Work required. Word for word, copy the line that contains "Des billets en" and each line after it in the data below. Pictures stay out of the copy.

Data below.
* * * * * * *

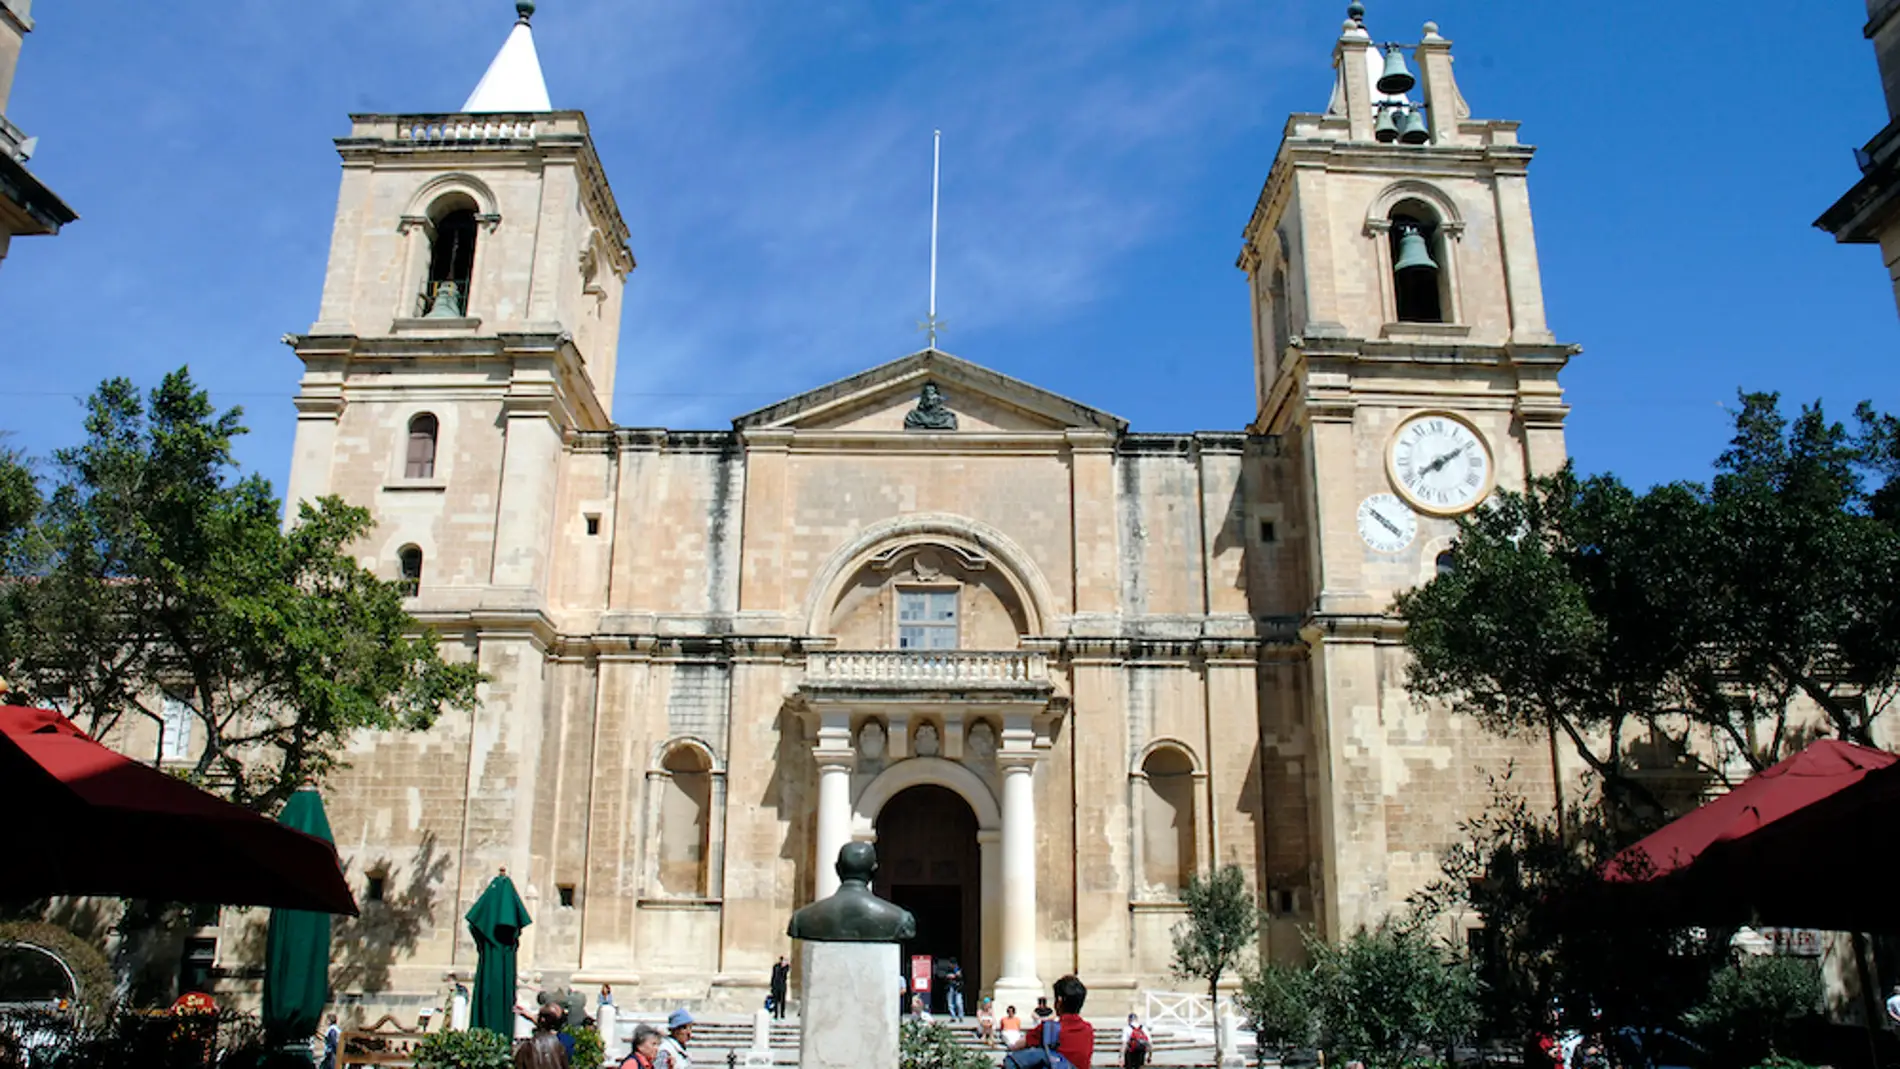 Los secretos que encierra la Concatedral de San Juan en Malta. ¿Será Caravaggio uno de ellos?
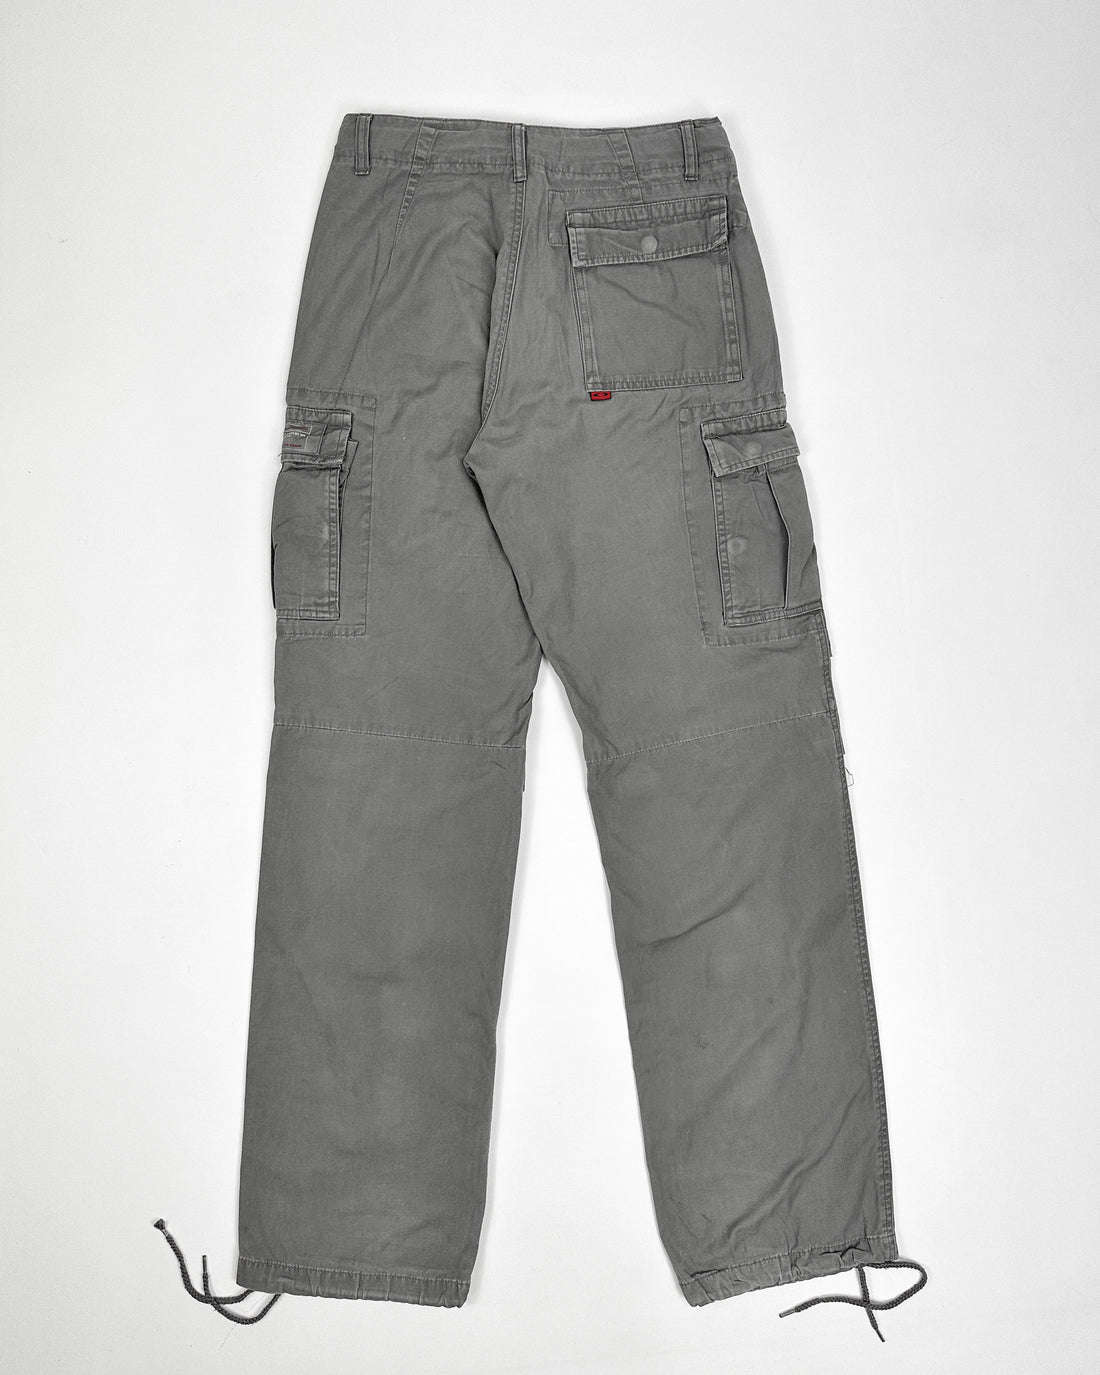 Oakley Red Core Grey Cargo Pants 2000's
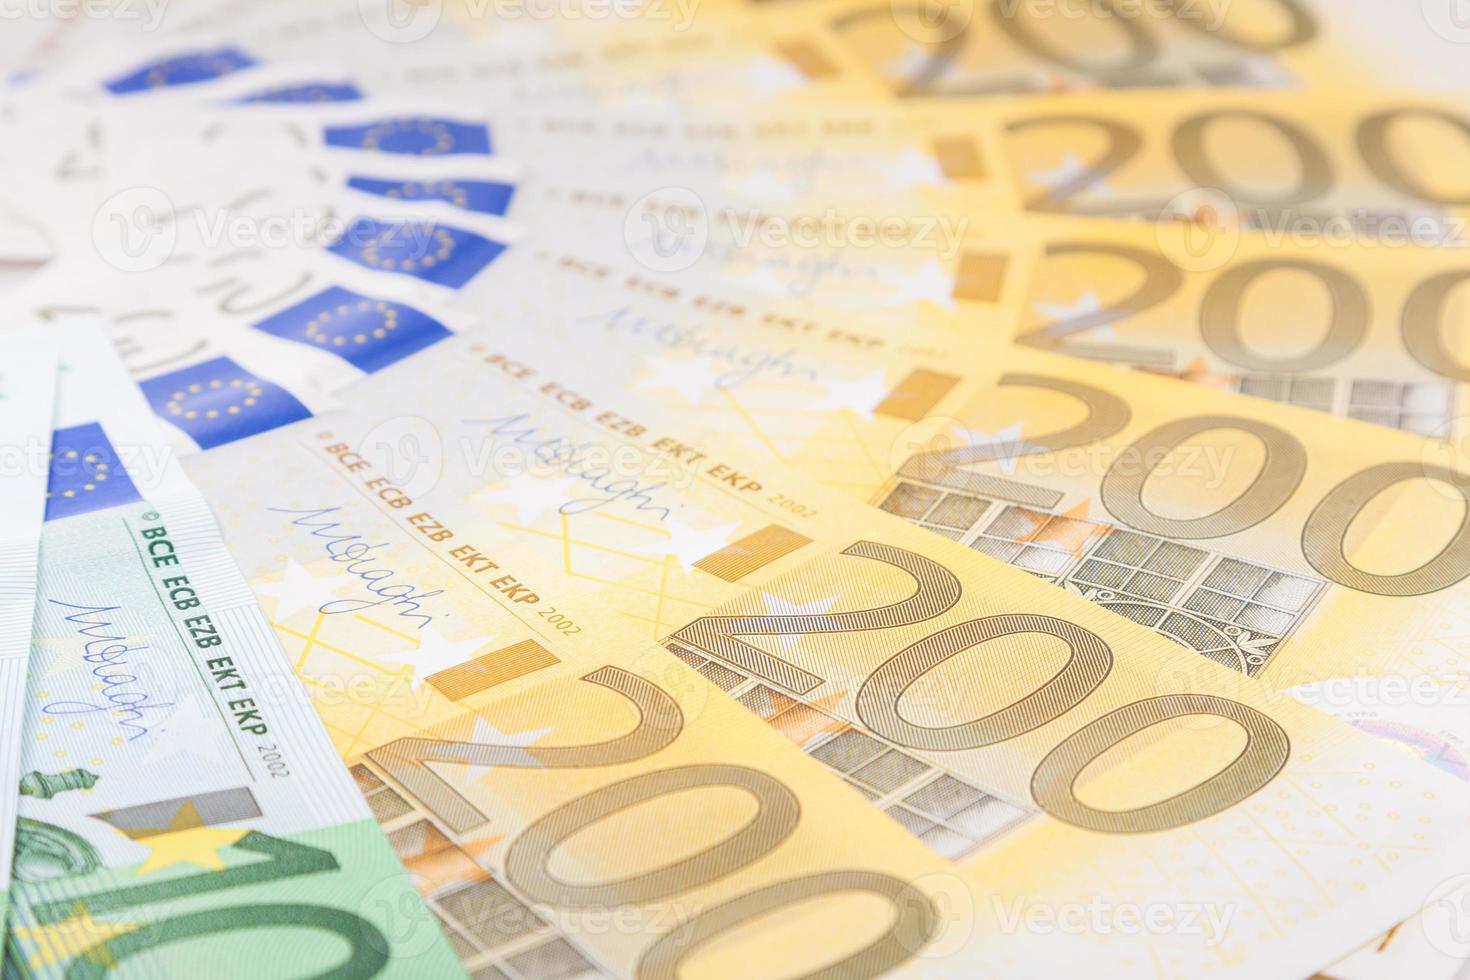 Des billets en euros répartis sur le plancher - monnaie européenne photo
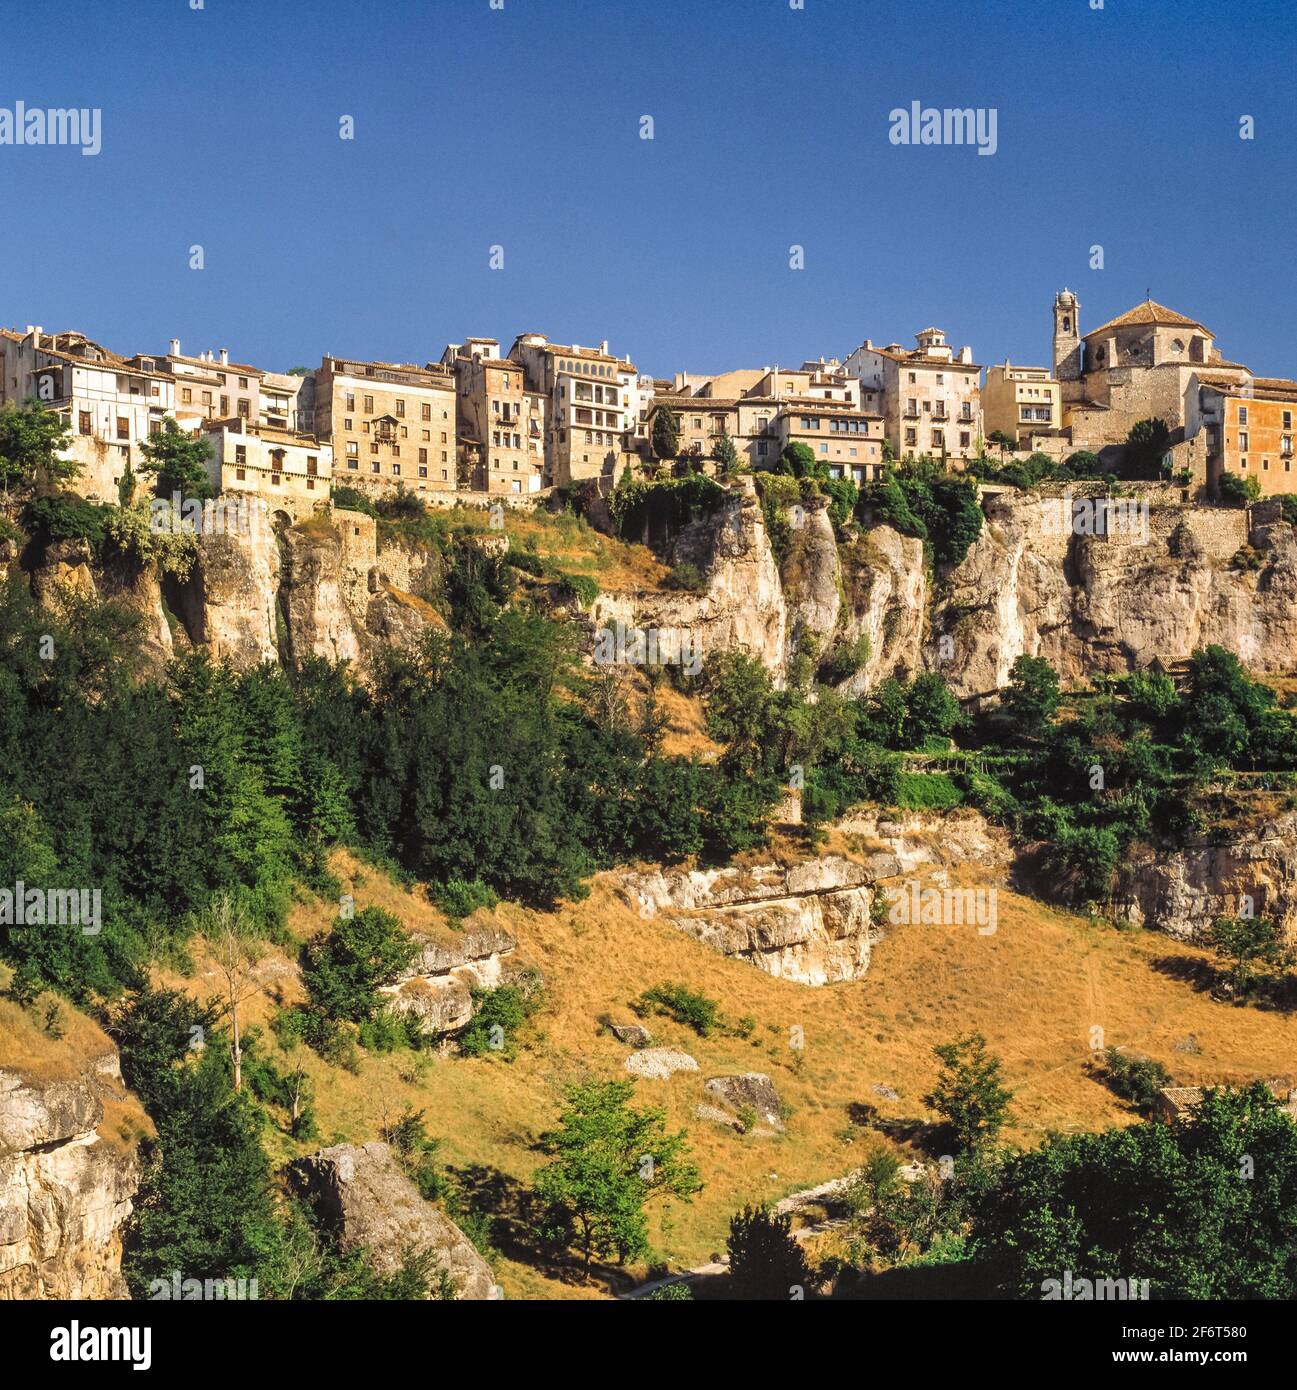 Cuenca est une ville de la communauté autonome de Castileâ. "La Mancha dans le centre de l'Espagne. C'est la capitale de la province de Cuenca. Banque D'Images

* * * * * * *

Response area.
 Des billets en euros répartis sur le plancher - monnaie européenne photo
 Cuenca est une ville de la communauté autonome de Castileâ. "La Mancha dans le centre de l'Espagne. C'est la capitale de la province de Cuenca. Banque D'Images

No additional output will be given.